The money will also be used to set up new centres of excellence for the treatment and prevention of the disease in Africa.

There are 500 million cases of malaria every year around the world and some 3,000 children die from it every day in Africa.

The London School has an international reputation for research into the disease and a spokesman said the donation would support new coordinated programmes in Liverpool, Copenhagen, The Gambia, Ghana and Tanzania.

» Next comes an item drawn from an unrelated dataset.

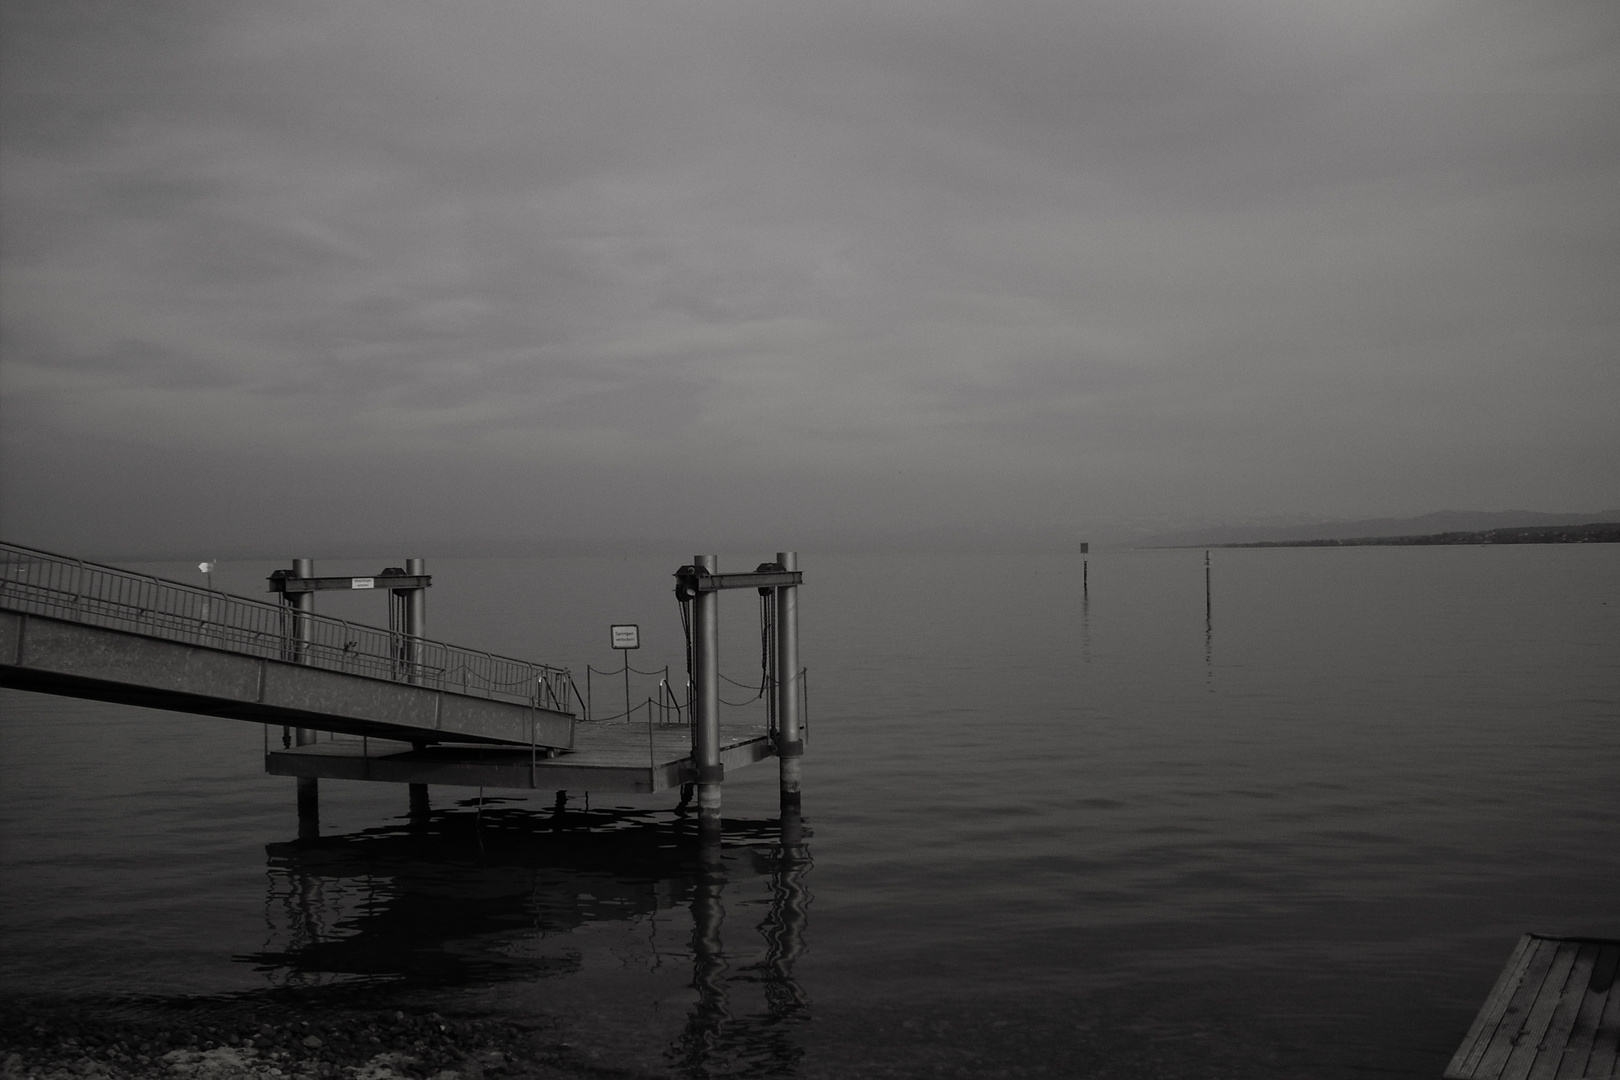 Lake of Constance

The School is currently involved in 70 malaria-related projects in 24 countries worldwide. More than 50 staff and 27 PhD students work on malaria and their interests range from basic laboratory research through to field evaluation of new interventions and their subsequent implementation into health systems.

Eleanor Riley, Professor of Infectious Disease Immunology, said: "More research on the mechanisms by which resistance develops and spreads will allow us to extend the useful lifespan of the existing drugs but there is an urgent need also to develop and test new drugs, insecticides and vaccines."